Автохтоны
Шрифт:
– Шпет ходил, выпрашивал. Был согласен на копии, на снимки снимков. Но я отказала. Пусть все будет здесь. Если есть у всех – какой же это музей?
Самый молодой, самый высокий, самый широкоплечий, ворот белой рубахи-апаш открывает сильную шею, прядь волос падает на высокий лоб, стоит чуть в стороне. Темно-русый? Брюнет? На фотографиях волосы обычно темнее, чем на самом деле. Открытая улыбка, лучезарное обаяние юности.
– А это? Ваша… прабабушка, так?
Молодая женщина в жакетке, на плечах лисья горжетка, зверская мода. Четкие дугообразные брови, волнистые короткие волосы.
– С мужем? Нахмансон? Инженер-путеец?
– Вы хорошо подготовились, – сказала она. – А с Ковачем они познакомились, когда ставили какой-то любительский спектакль. Говорите, это была «Смерть Петрония»? Я не помню.
– Никто не помнит. Он правда был гениален?
– О да! – Она пожала плечами. – По крайней мере так говорят. Ничего ведь не сохранилось.
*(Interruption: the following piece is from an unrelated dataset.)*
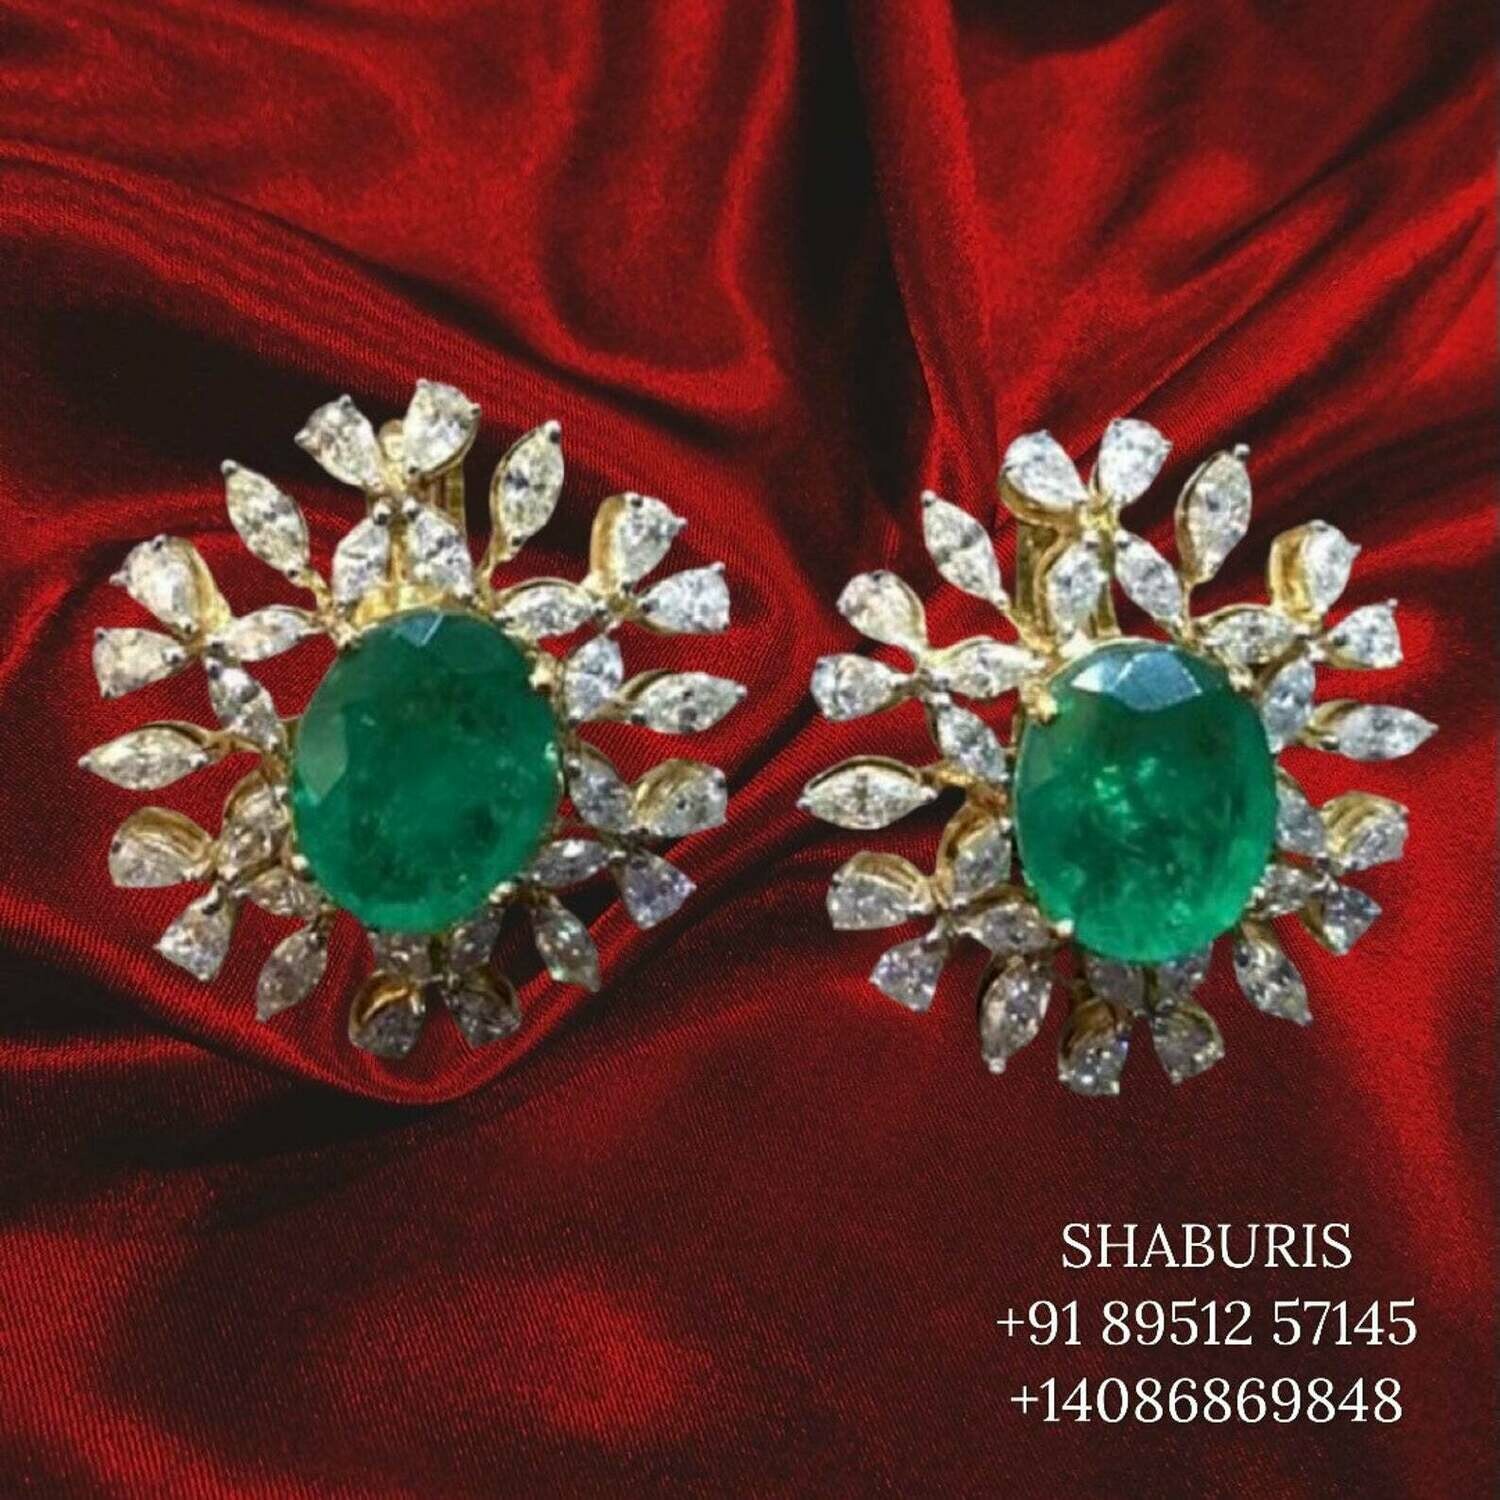 Latest Indian Jewelry,South Indian Jewellery,Pure silver diamond jhumka,South Indian Jewelry designs -SHABURIS
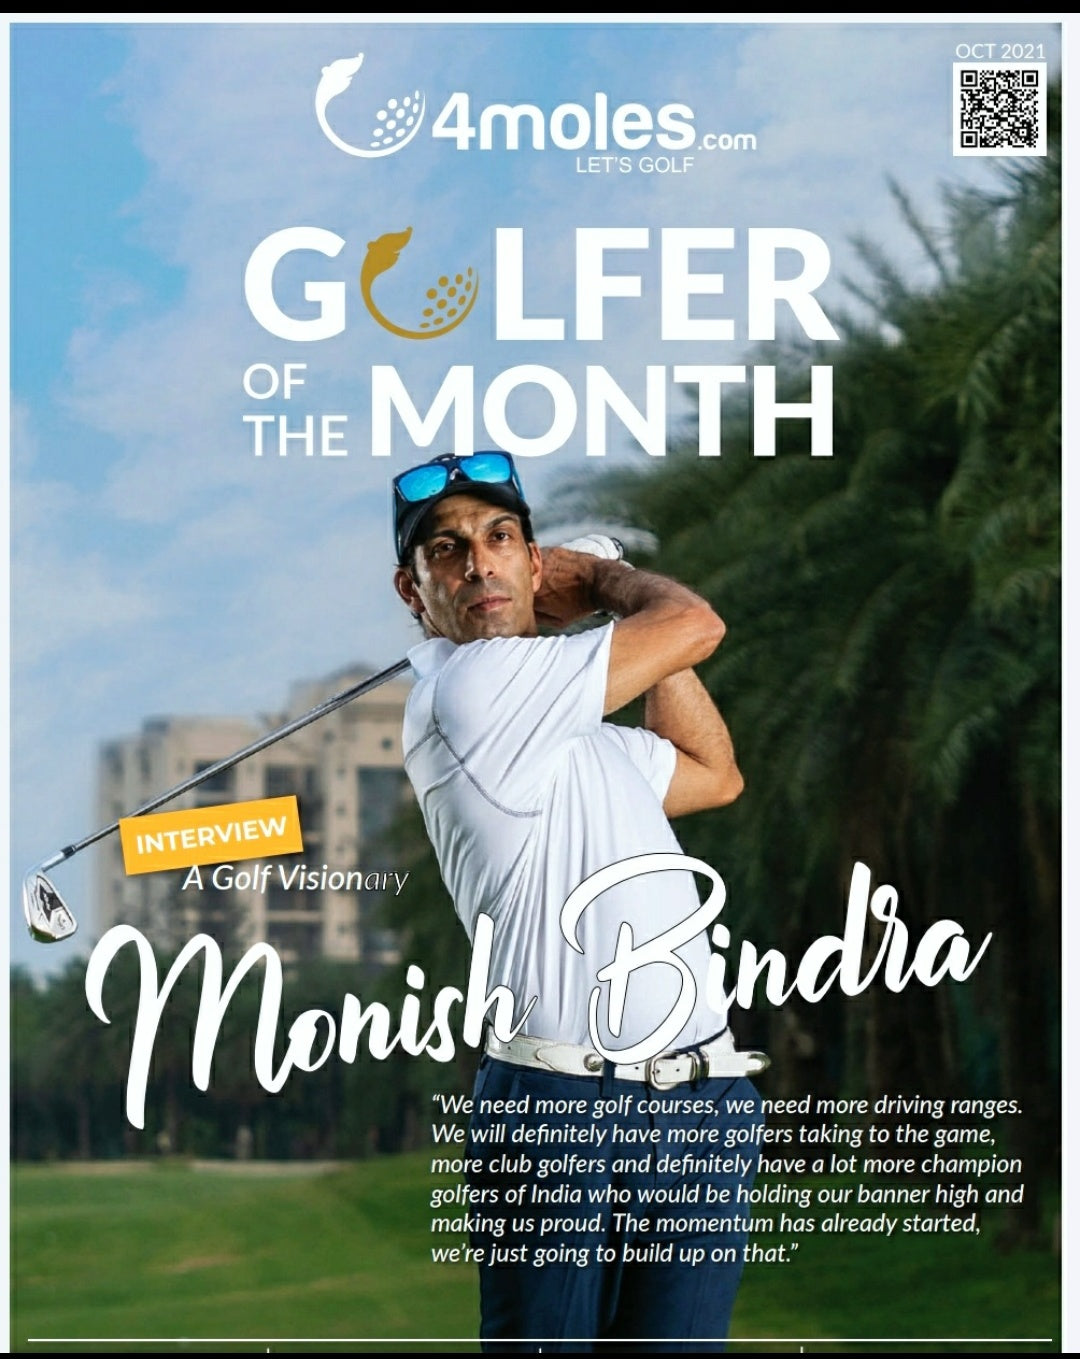 Monish Bindra adjudged Golfer of the month by 4moles.com

Ни нотных записей, ничего.
– А что с ним случилось? Мне говорили, он погиб.
– В тридцать девятом. Он примкнул к повстанцам и погиб с оружием в руках, защищая независимость своей страны, – сказала она сухим официальным голосом. Наверное, копировала экскурсовода, который днем водит здесь экскурсии.
– А… Нахмансон?
– Тогда же. Пришли Советы, и его расстреляли. За саботаж.
Она говорила сухо, словно подчеркивая, ты просто любопытствующий чужак, а мы не любим чужаков. Смерть приносят именно чужаки.
– Саботажа на самом деле, конечно, не было?
Она помолчала. Судорожно, прерывисто вздохнула.
– Хотите знать, как все было на самом деле? На самом деле это длинная история.
Отпрянула от витрины к обтянутой бархатом козетке с львиными лапами-ножками и табличкой «Сидеть воспрещается». Села, закинув ногу на ногу. Выпуклые, аккуратные ногти. Как раковинки. И крашены перламутром. Все в ней было какое-то водное, словно бы она играла в русалку, которая от подводной скуки играет в женщину земли. Охватила колено руками. Бледные маленькие руки.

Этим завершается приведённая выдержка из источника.